This project is estimating the quality of care provided by different hospitals. The main innovation of the research is to control for patient selection using Bayesian econometric methods. The primary sample contains data on all pneumonia patients treated at Los Angeles County, California hospitals from 1989-92. The problem of selection is that patients who are more severely ill than average may choose to seek treatment at high quality hospitals. In this framework, the conceptual experiment that reveals quality is hospital-specific mortality rates following random patient assignment. This work controls for patient selection into hospital using distance as the main exogenous explanatory variable. Given the assumption that a patient's mortality is not affected by how far the patient is from alternative hospitals, the estimation will infer a hospital to be of high quality if patients residing near that hospital have a low residual mortality, regardless of where they seek treatment.
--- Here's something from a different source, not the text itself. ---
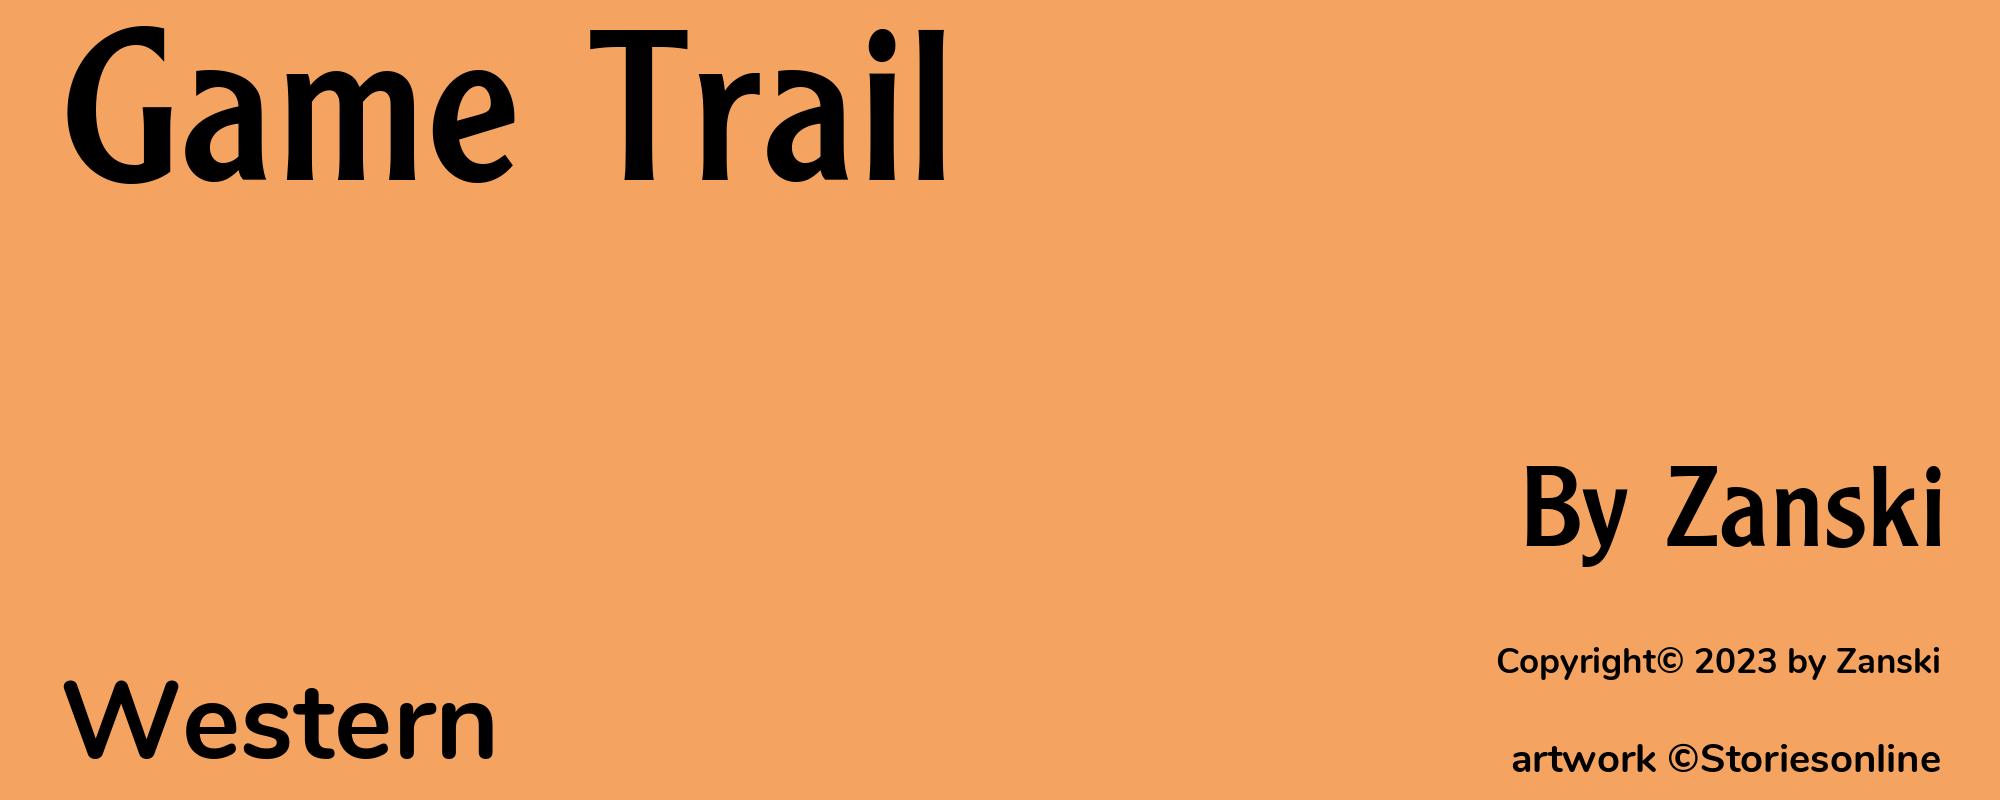 Game Trail - Cover

Because the outcome variable, mortality, is dichotomous, standard linear econometric techniques cannot be used to transform this insight into estimation. The Bayesian simulation methods developed here fill that role. The methodology developed here exploits the similarity between this model and the conventional linear simultaneous equations model, were the latent utilities for choice and mortality observed. In addition to handling the latent variable problem, Bayesian inference makes it possible to address the motivating policy questions directly, by providing marginal posterior distributions for any functions of interest.
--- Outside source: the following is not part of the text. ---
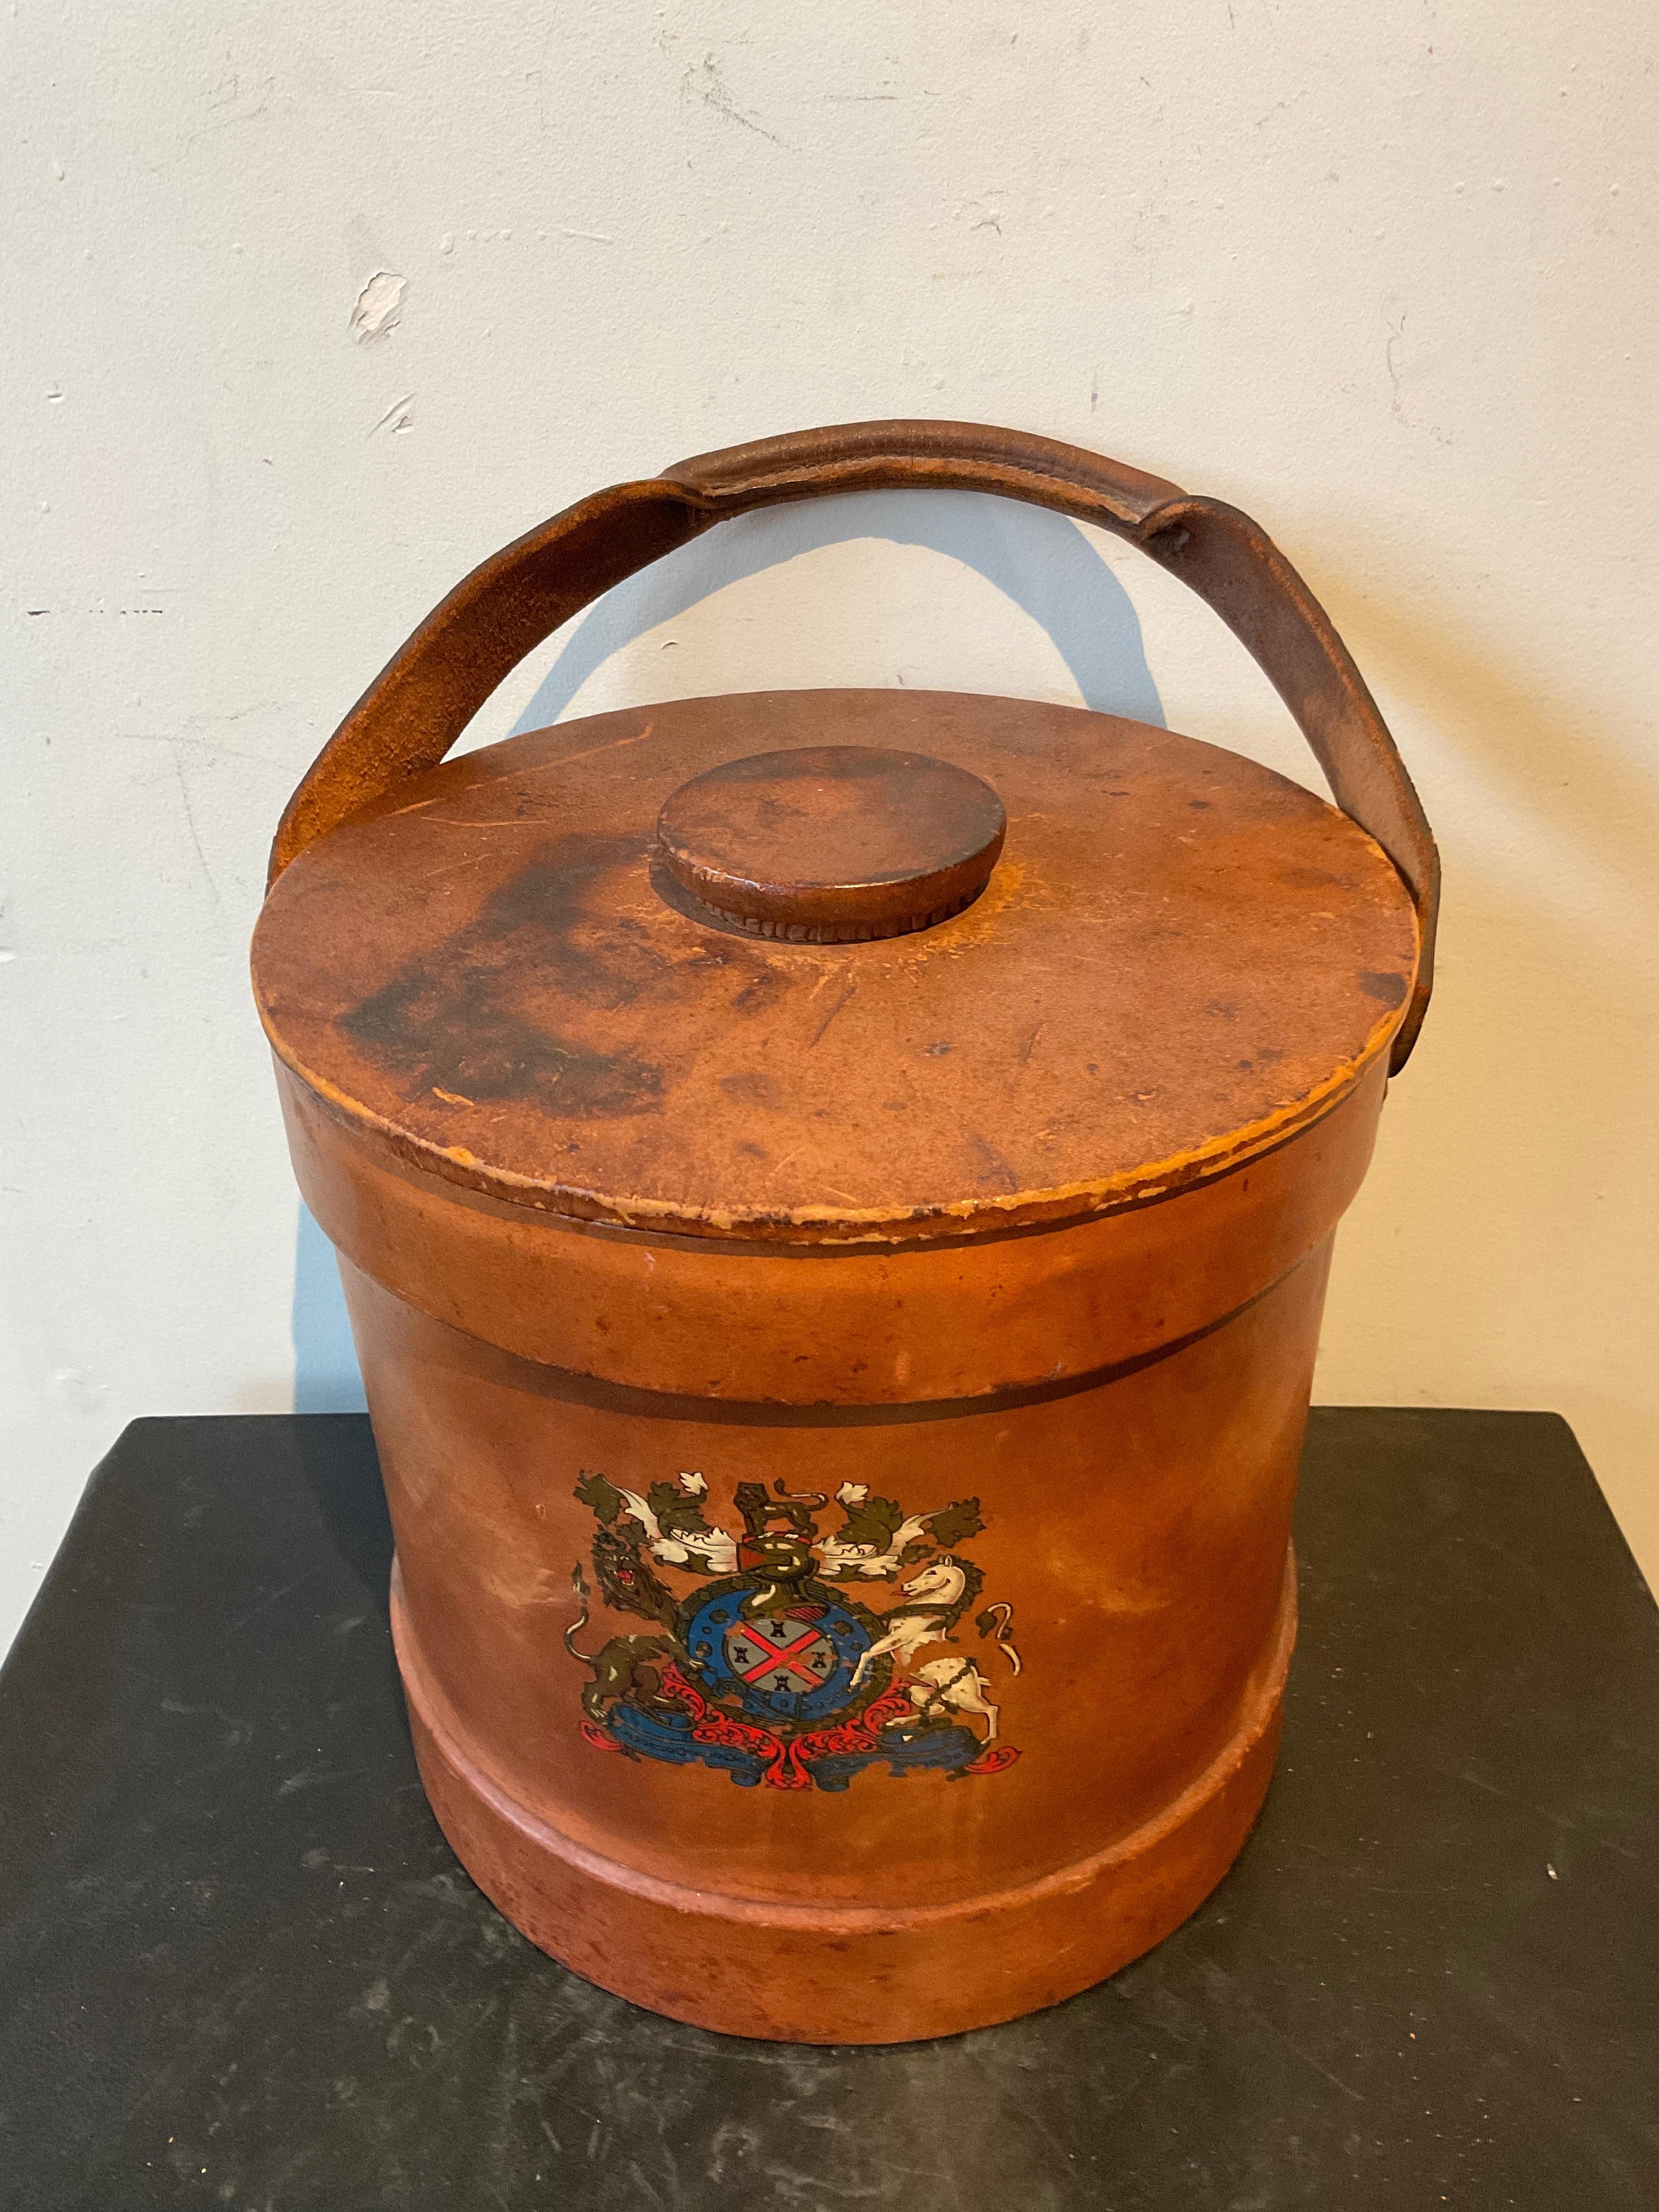 1880s English army artillery shell converted into an ice bucket.

Computation of the primary model has now been completed. Conditional on the data set, the posterior distribution for the parameters of the model has a number of interesting substantive implications. There is substantial variance to the posterior distribution of quality of most individual hospitals. Nonetheless, there appears to be two key relations between hospital characteristics and quality. Hospitals that are small-fewer than 150 beds-have lower mortality than larger hospitals, and private for-profit hospitals have lower mortality rates than public, private teaching and private not-for-profit hospitals. There is also strong evidence that the level of unobserved severity of illness differs across hospitals. A high unobserved severity of illness is found to be positively correlated with estimated hospital quality.
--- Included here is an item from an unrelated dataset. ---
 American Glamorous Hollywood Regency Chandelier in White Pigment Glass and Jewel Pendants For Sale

In ongoing work, the researchers are constructing a separate sample of all heart disease patients treated at Los Angeles County, California hospitals during the same sample period. A similar econometric procedure is being used to analyze this sample. The results from the heart patients will potentially allow for comparison with results from pneumonia, a different, but equally important disease. It can then be examined to what extent the results are generalizable. This would ultimately provide much stronger results regarding the determinants of the quality of hospital care.